Information shown →

+--

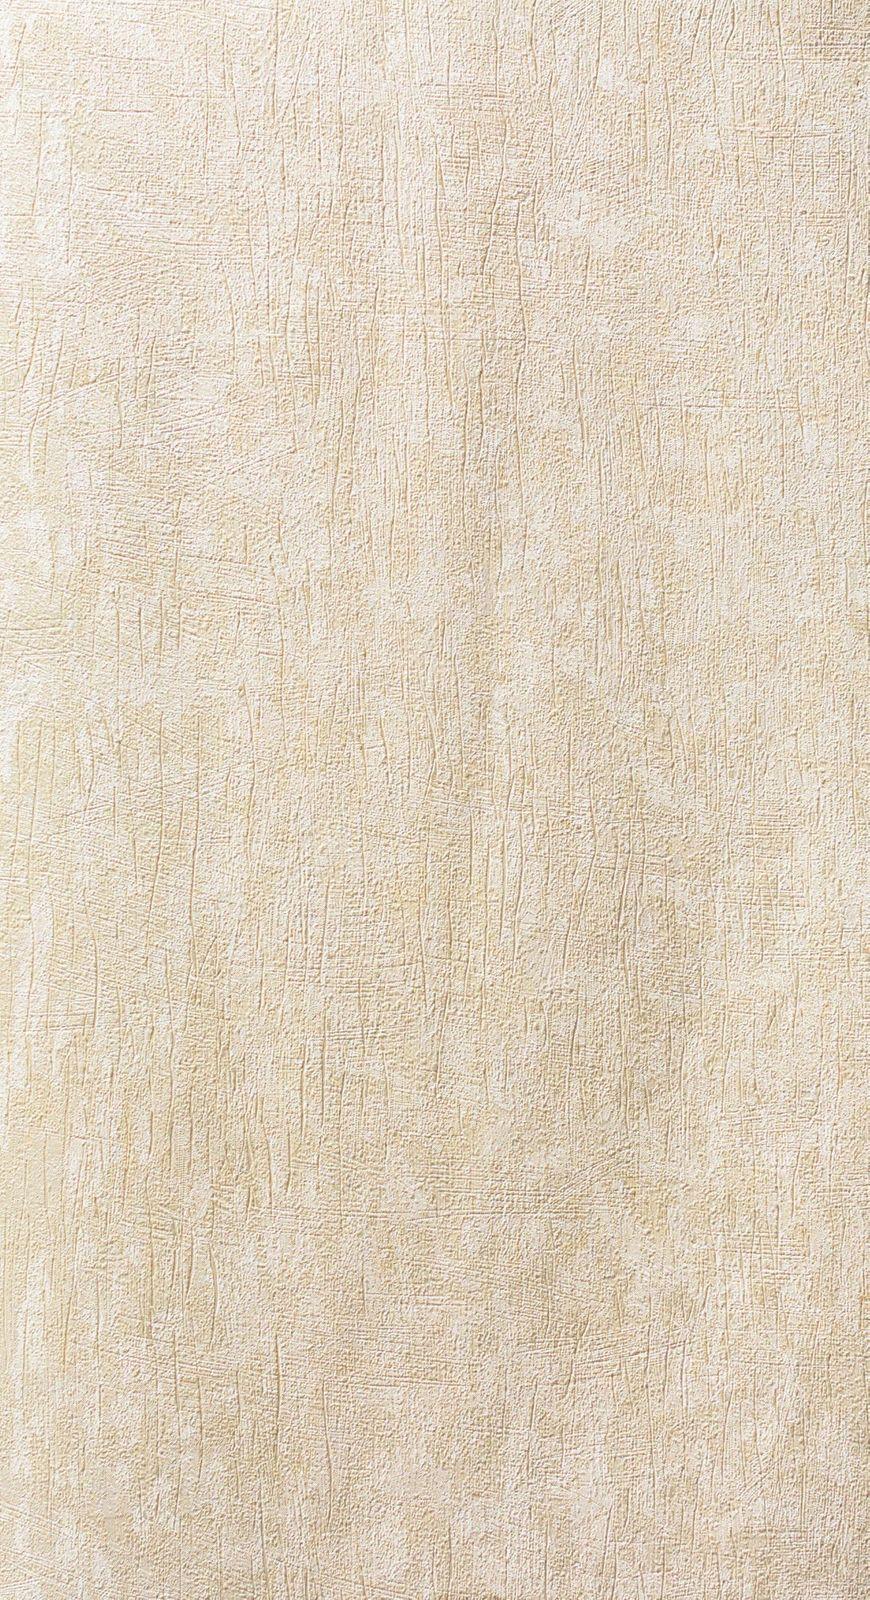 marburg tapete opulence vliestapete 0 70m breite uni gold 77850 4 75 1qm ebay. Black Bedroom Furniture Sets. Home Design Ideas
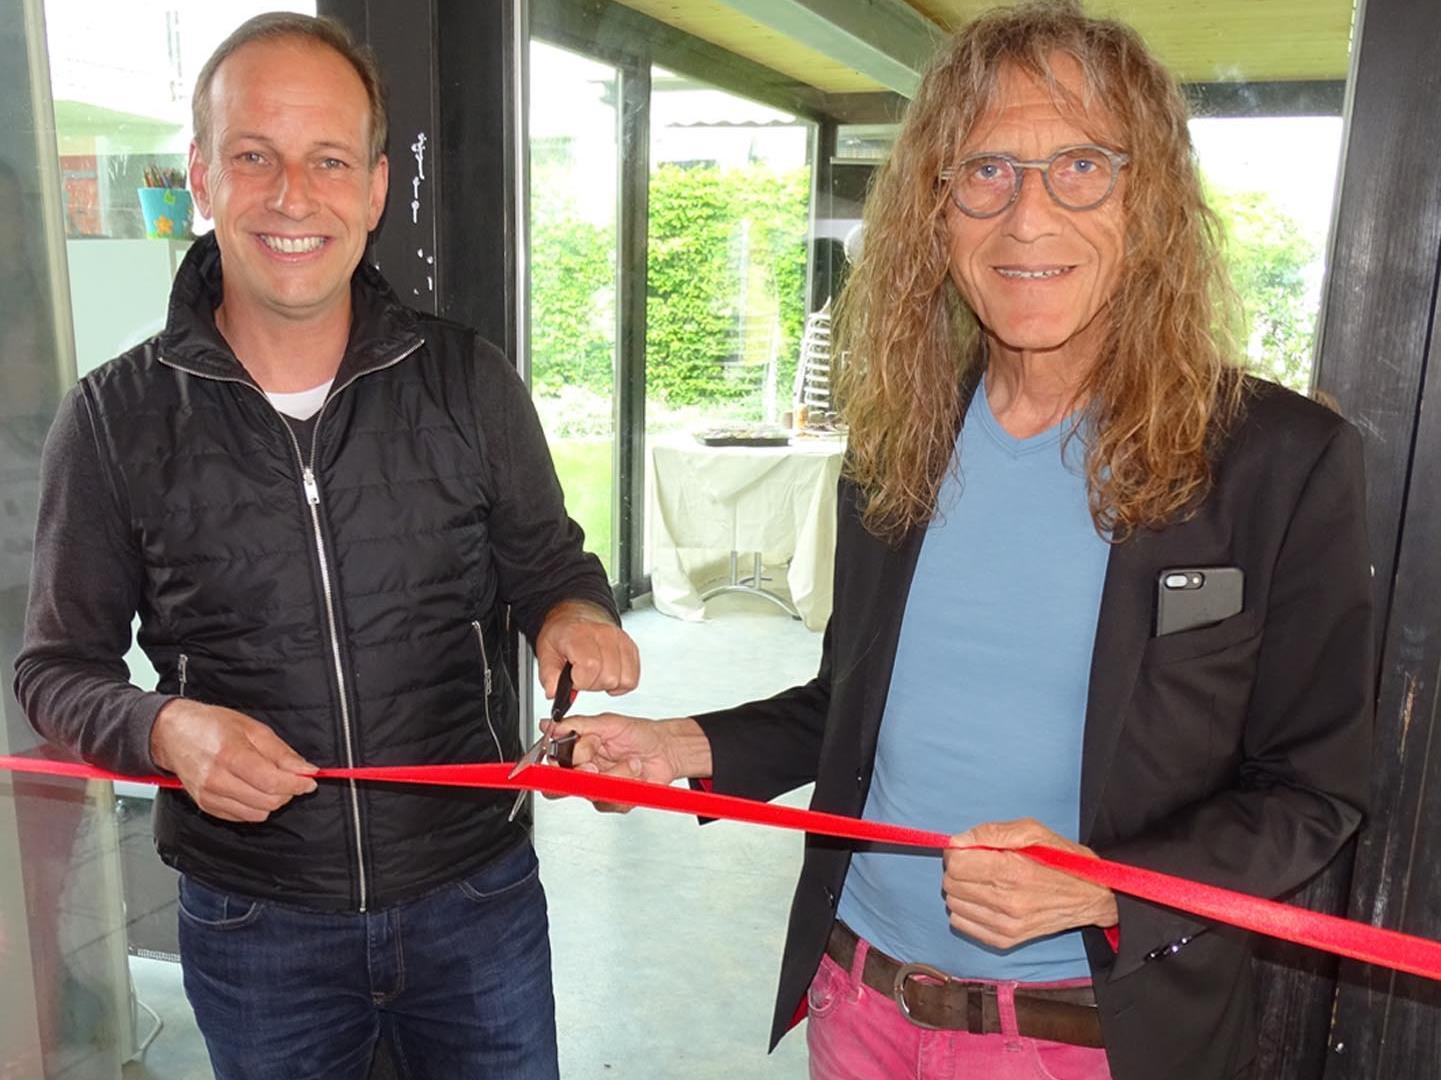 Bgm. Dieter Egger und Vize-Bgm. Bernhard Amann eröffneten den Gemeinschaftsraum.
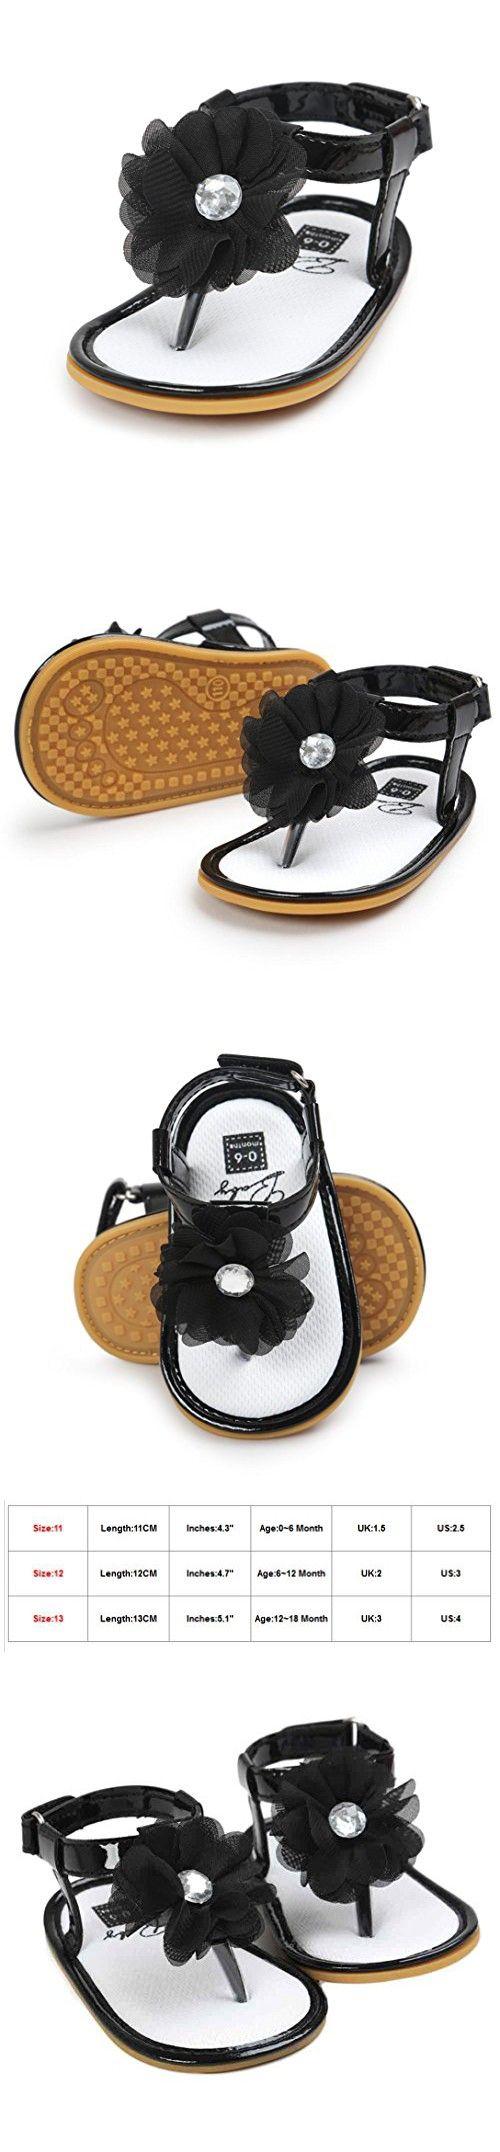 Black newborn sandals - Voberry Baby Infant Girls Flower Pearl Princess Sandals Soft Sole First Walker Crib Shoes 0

+--

Exercise description →
Could you write out verbatim only those lines that run from the line containing "Bgm. Dieter Egger" through the end of the listing above, both included, without the pictures?

Your solution →
 Bgm. Dieter Egger und Vize-Bgm. Bernhard Amann eröffneten den Gemeinschaftsraum.
 Black newborn sandals - Voberry Baby Infant Girls Flower Pearl Princess Sandals Soft Sole First Walker Crib Shoes 0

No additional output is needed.